## PROBLEM DETAILS
All of the data below should be printed again word for word, pictures excluded.
─── SOURCE DATA
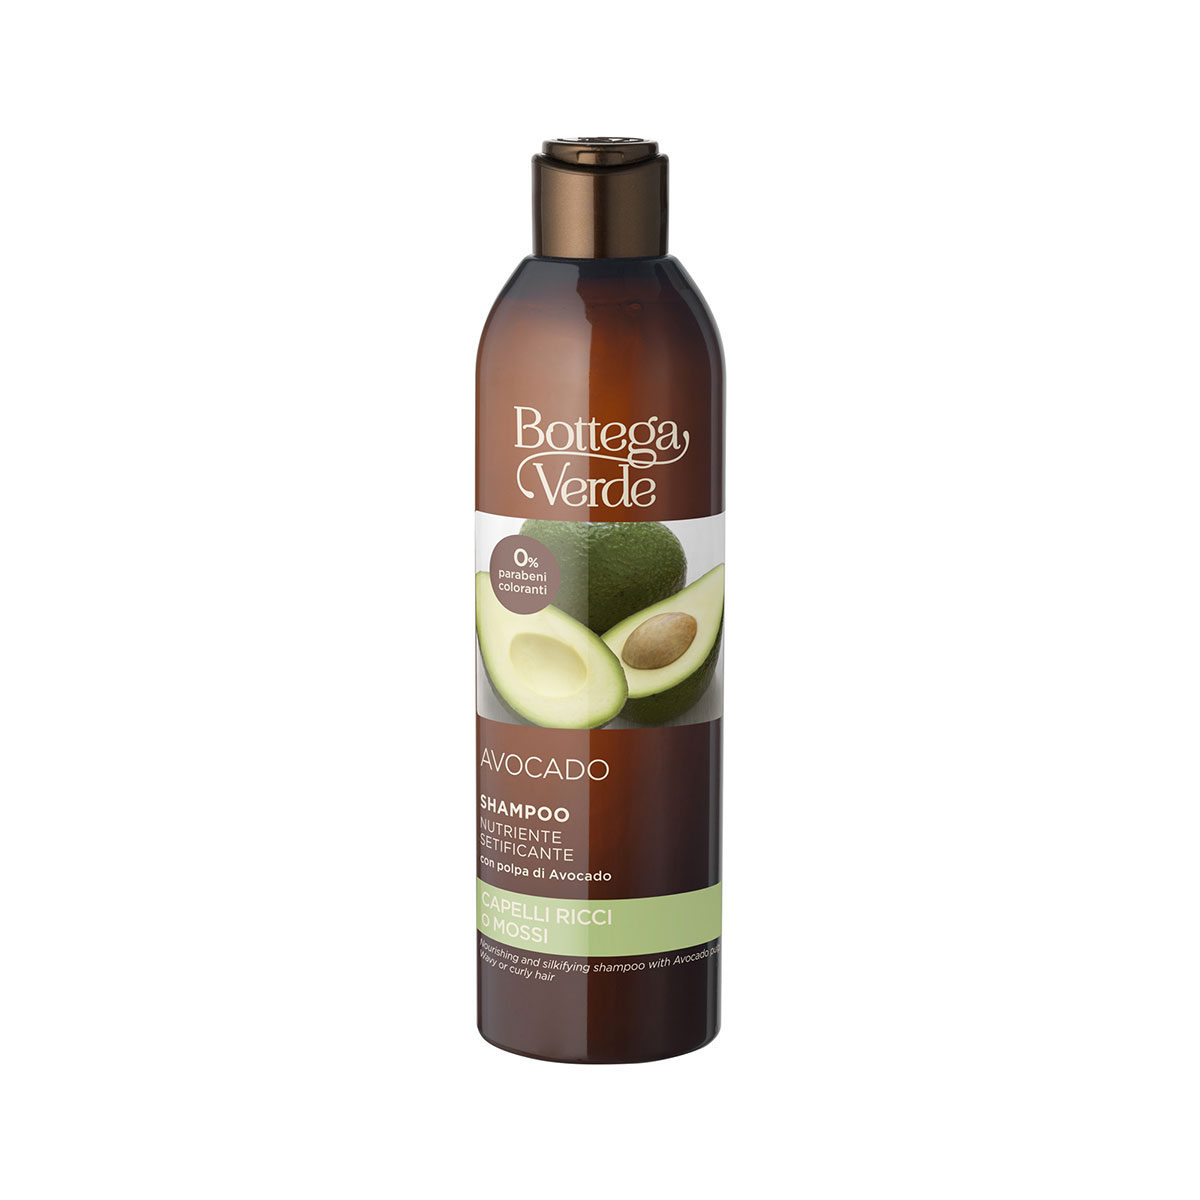 Avocado - Shampoo nutriente setificante - con polpa di Avocado - capelli ricci o mossi
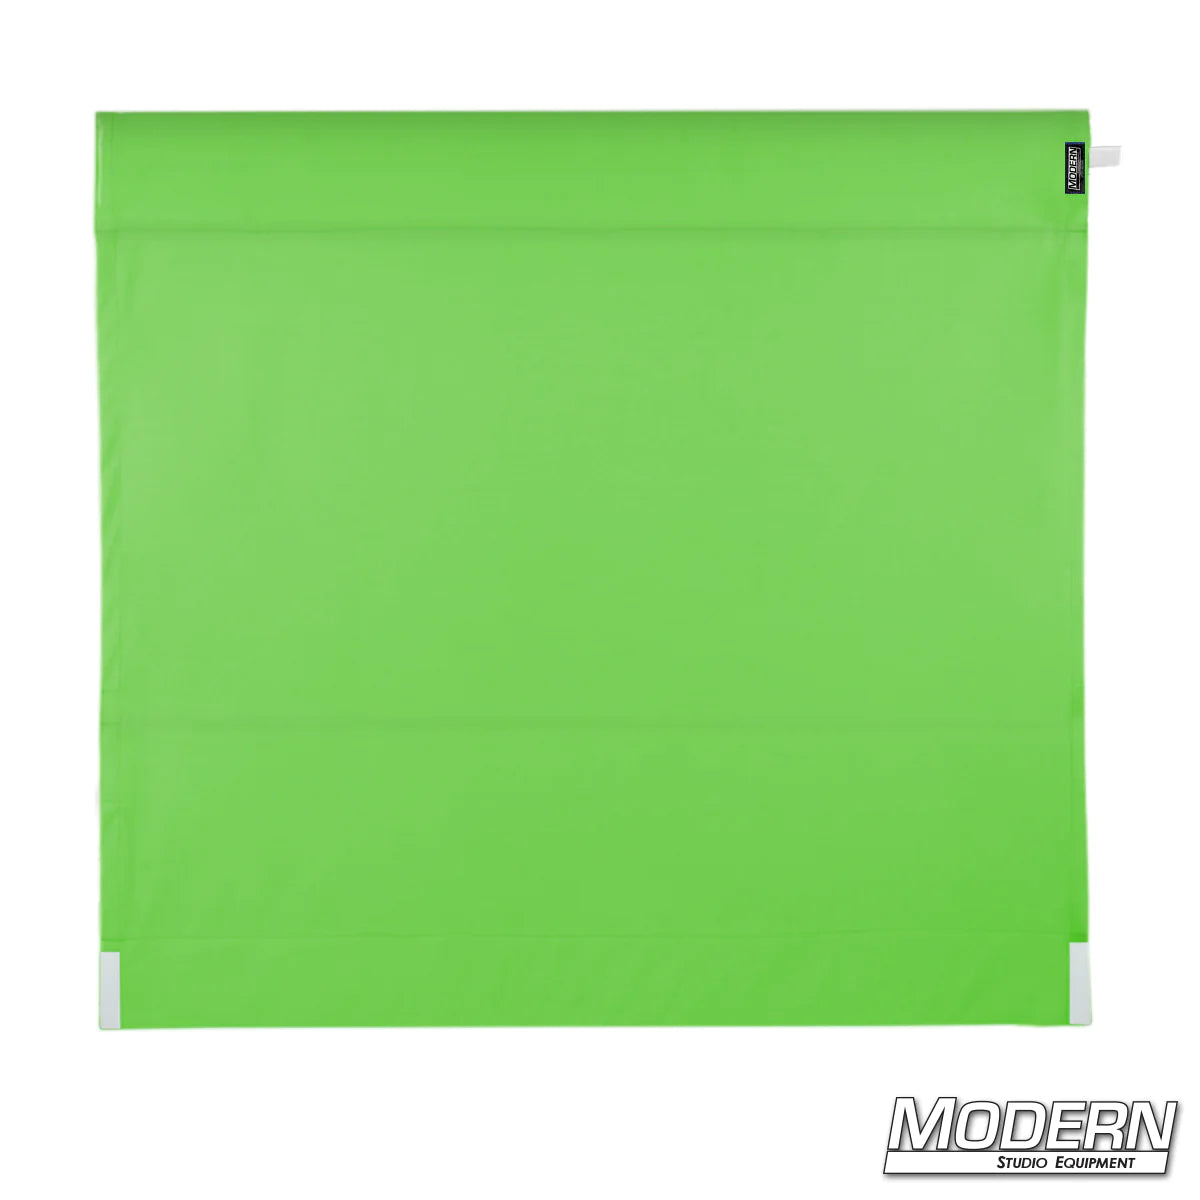 Wag Flag - Digital Green
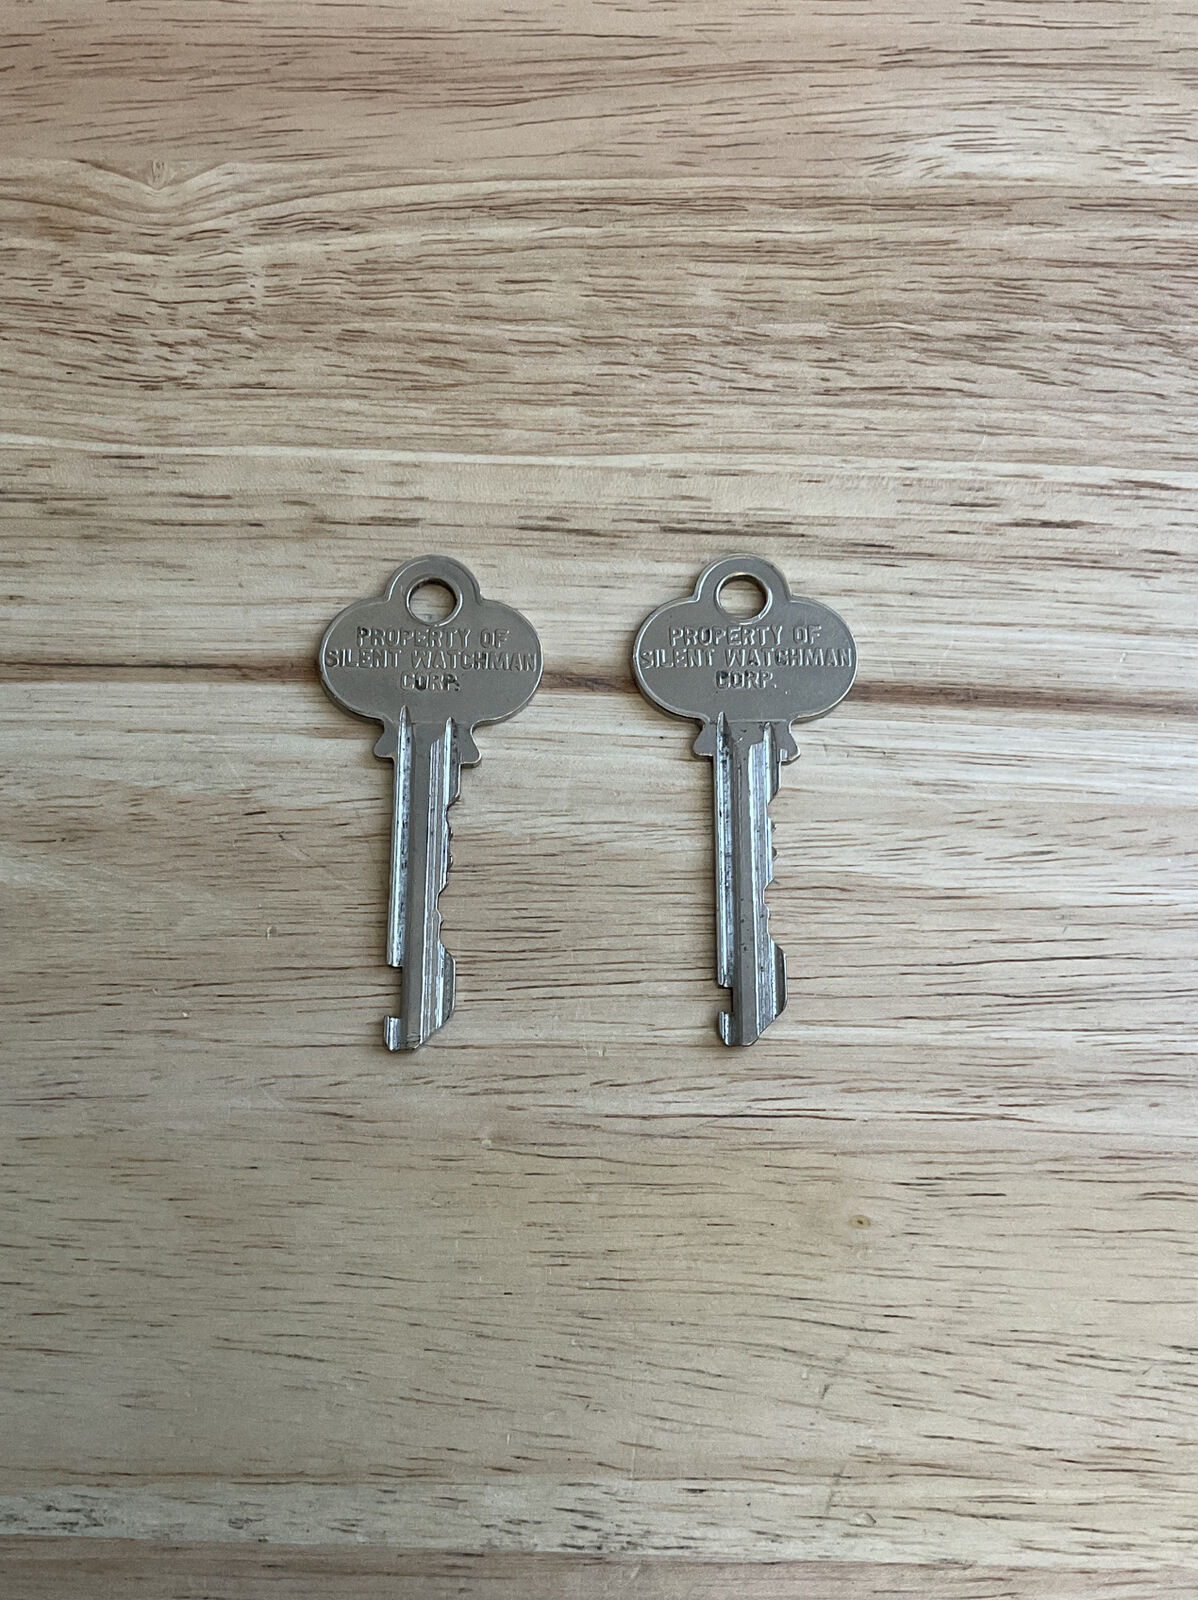 2 Silent Watchman Keys
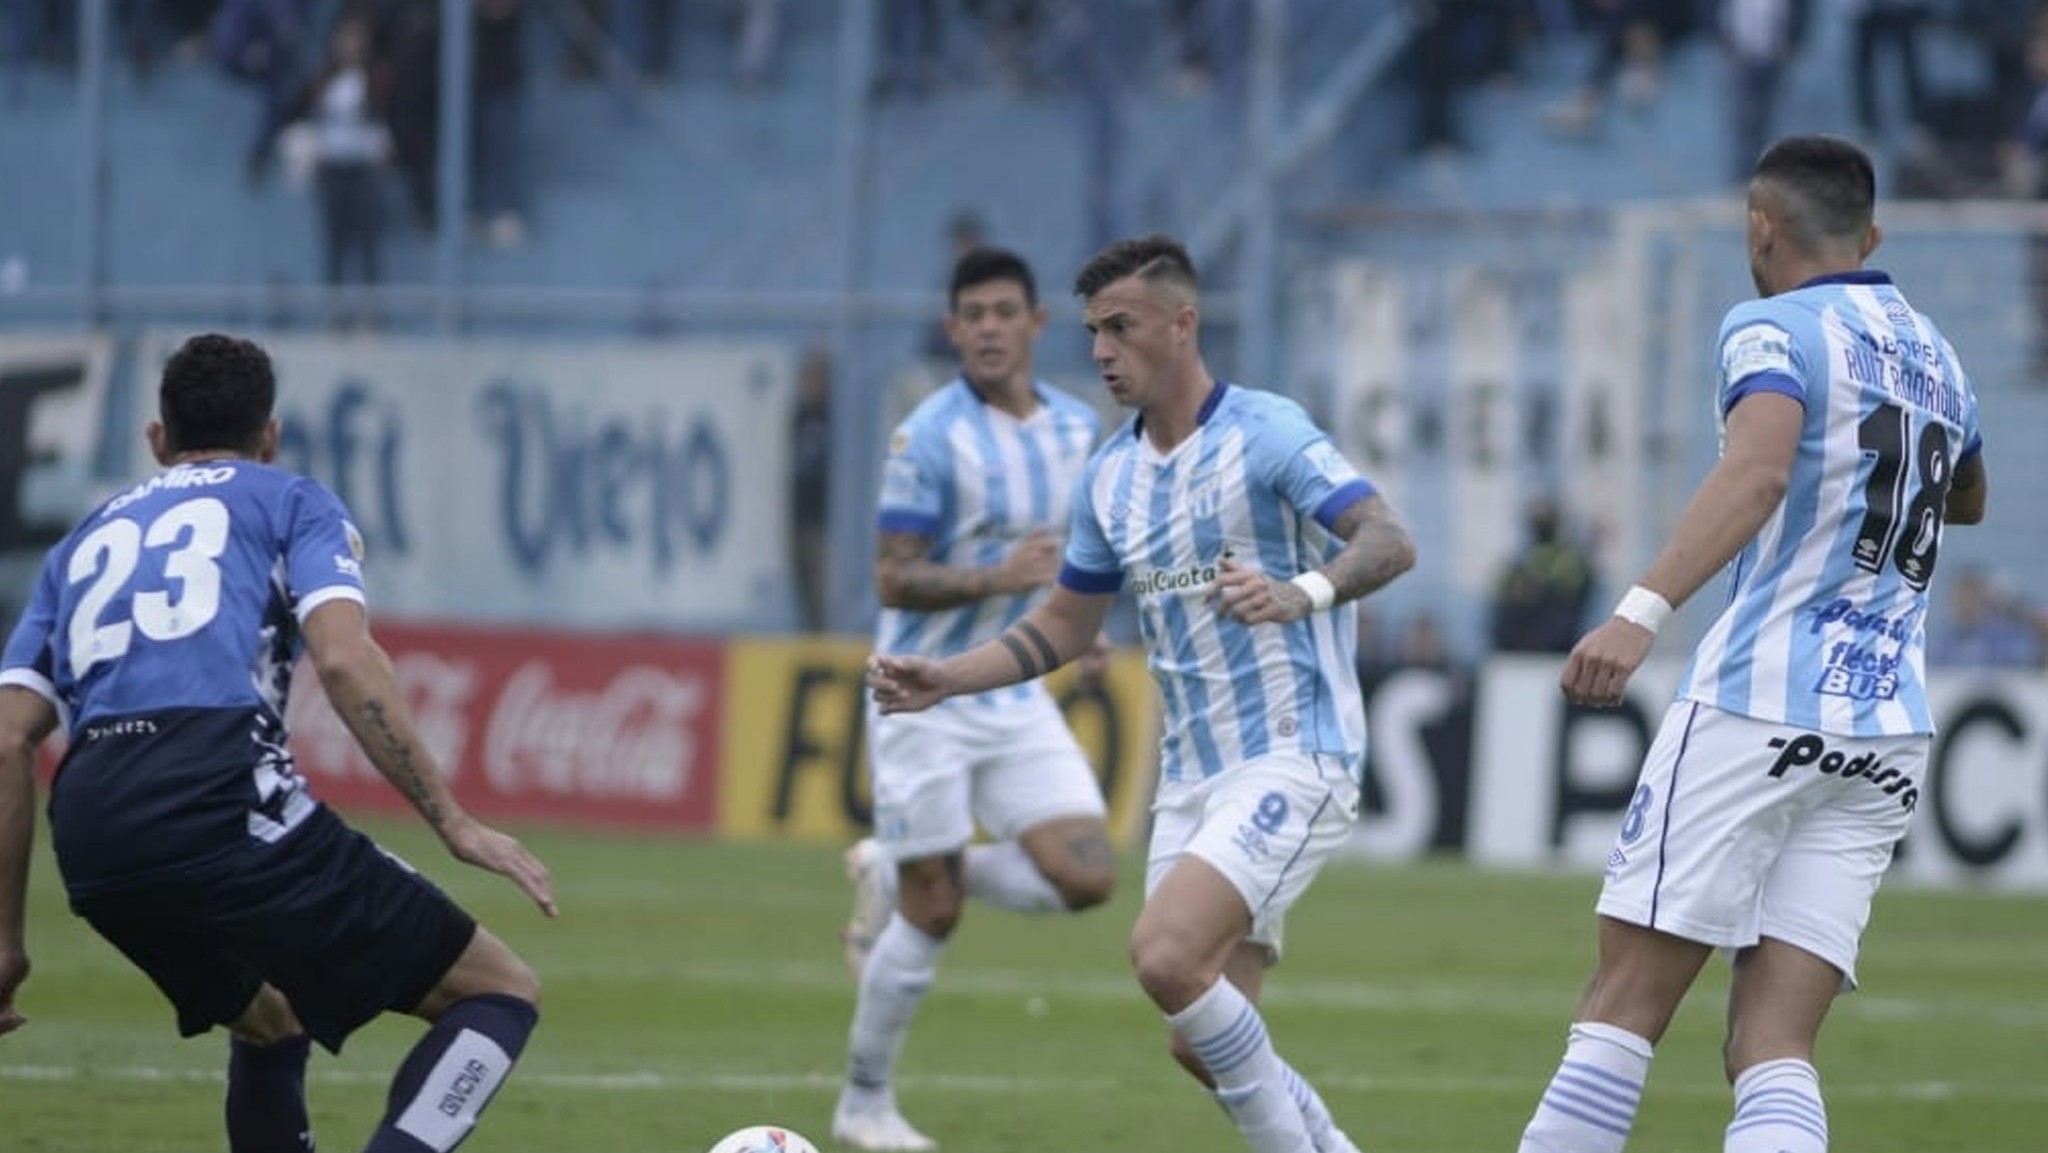 ¿Cómo está el historial entre Talleres y Atlético Tucumán? | Canal Showsport
──────
## TASK ANSWER
 Avocado - Shampoo nutriente setificante - con polpa di Avocado - capelli ricci o mossi
 Wag Flag - Digital Green
 2 Silent Watchman Keys
 ¿Cómo está el historial entre Talleres y Atlético Tucumán? | Canal Showsport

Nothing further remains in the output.